18:15 pendingchaos: that's probably the bug. v_mul_hi_u32(a, b) where signext_24_32(a)==a && signext_24_32(b)==b isn't the same as v_mul_hi_i32_i24_e32(a, b) if a or b is negative
18:16 zamundaaa[m]: If the compositor doesn't do anything really stupid
18:17 zamundaaa[m]: If a GPU reset happens, that could corrupt the whole screen temporarily, but you don't need to send the compositor any data to cause one
18:17 karolherbst: pendingchaos: mhh... that would be a bug in LLVM then, no? Because nir_to_llvm simply emits LLVMBuildMul with some shifts
18:18 DemiMarie: zamundaaa: does that mean that Mesa’s optimizers are not allowed to introduce time-of-check to time-of-use issues to shaders?
18:18 karolherbst: or mhh..
18:19 zamundaaa[m]: I'm not sure what you mean?
18:20 DemiMarie:thinks if she needs to use a pastebin for a code block
18:22 karolherbst: the reporter also uses llvm-18...
18:42 DemiMarie: zamundaaa: https://gist.github.com/DemiMarie/ecd489920163017b09a5a8528fd03f27
18:43 DemiMarie: (put in a gist to not confuse IRC users)
18:44 zamundaaa[m]: I don't know if there's guarantees for that, but fetching pixels from the buffer multiple times would be bad for performance
18:44 zamundaaa[m]: So I doubt it would ever do such a thing
18:46 pendingchaos: I can imagine situations where that transformation might be beneficial
18:49 pendingchaos: whether it's allowed or not probably depends on what kind of load "c[0]" is and what's between "a = c[0]" and "b[a] = 0"

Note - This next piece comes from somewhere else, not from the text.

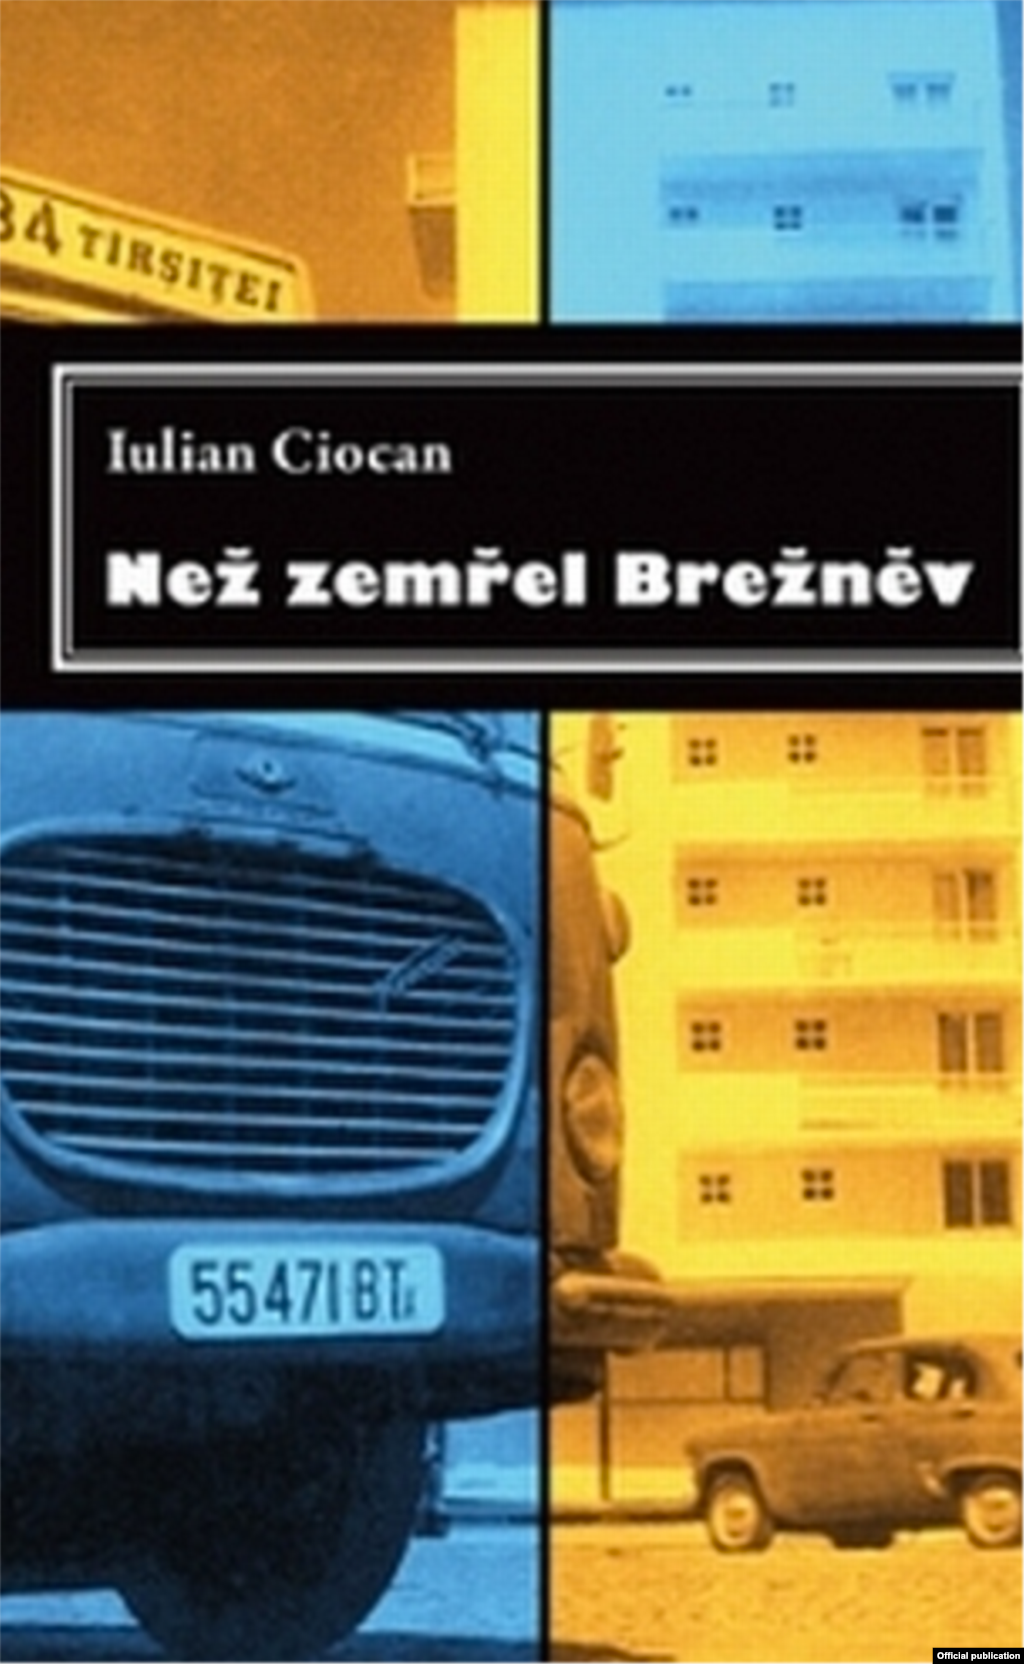 Cartea lui Iulian Ciocan în traducere cehă.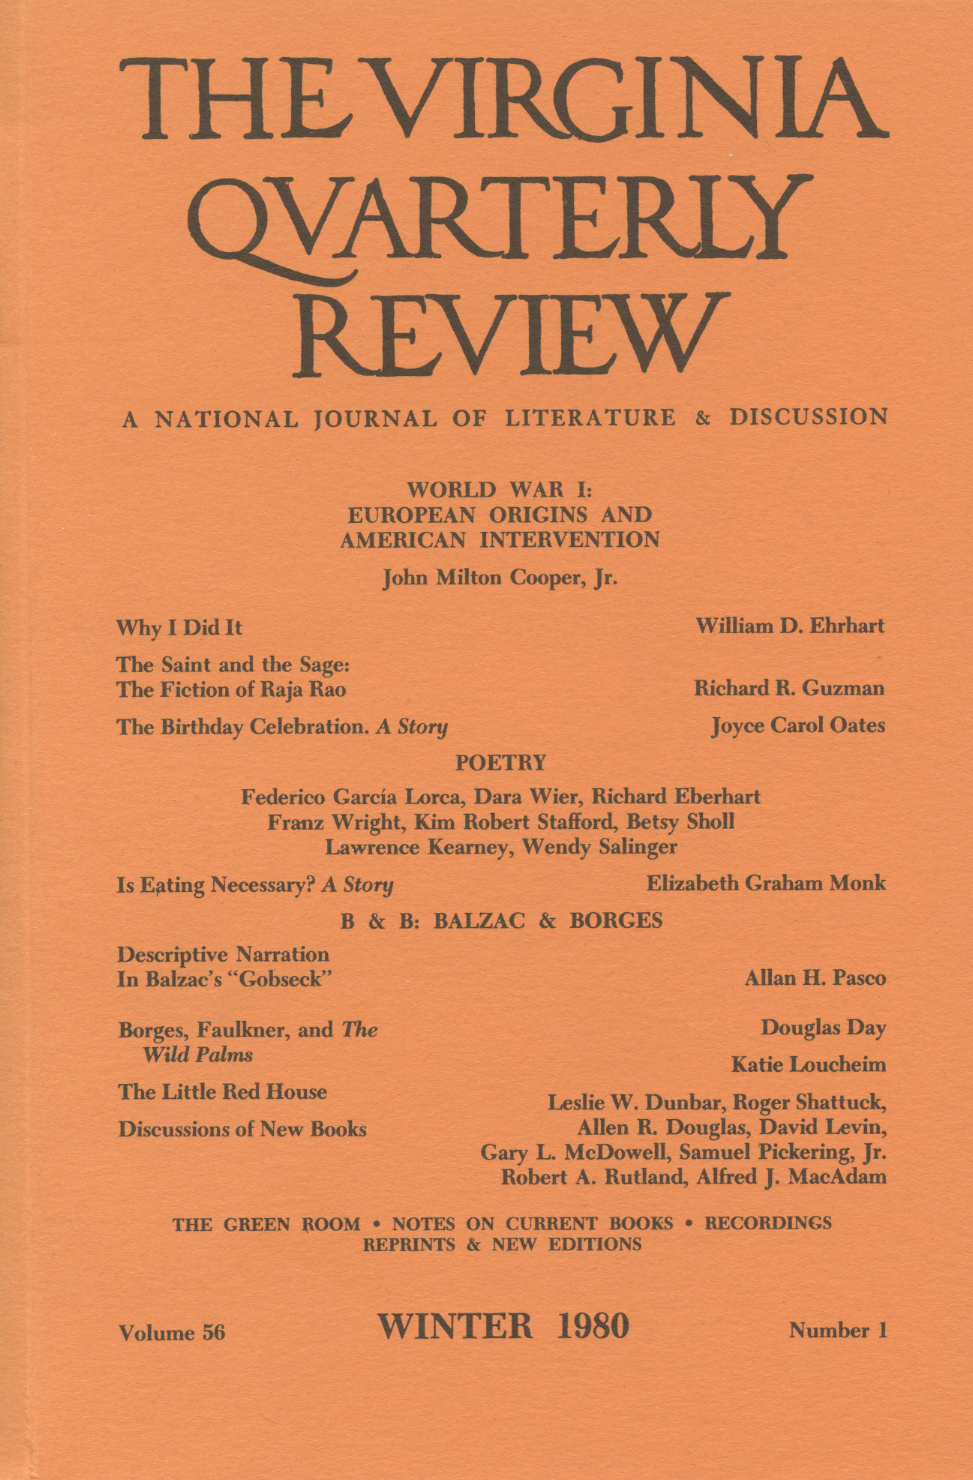 Virginia Quarterly Review, Winter 1980 cover

18:55 DemiMarie: In C it is allowed unless c is a pointer to an _Atomic type, but GLSL doesn’t have those and even if it did I doubt compositors would use them for these operations.
19:00 DemiMarie: pendingchaos: that’s what makes me nervous.
19:09 DemiMarie: Are there any formats that have an alpha channel and for which there is no opaque format with the same layout?
19:09 DemiMarie: If I get an image in ARGB8888, I can tell a compositor to treat it as XRGB8888 without needing to make any copies. Are there any formats for which there is no opaque version?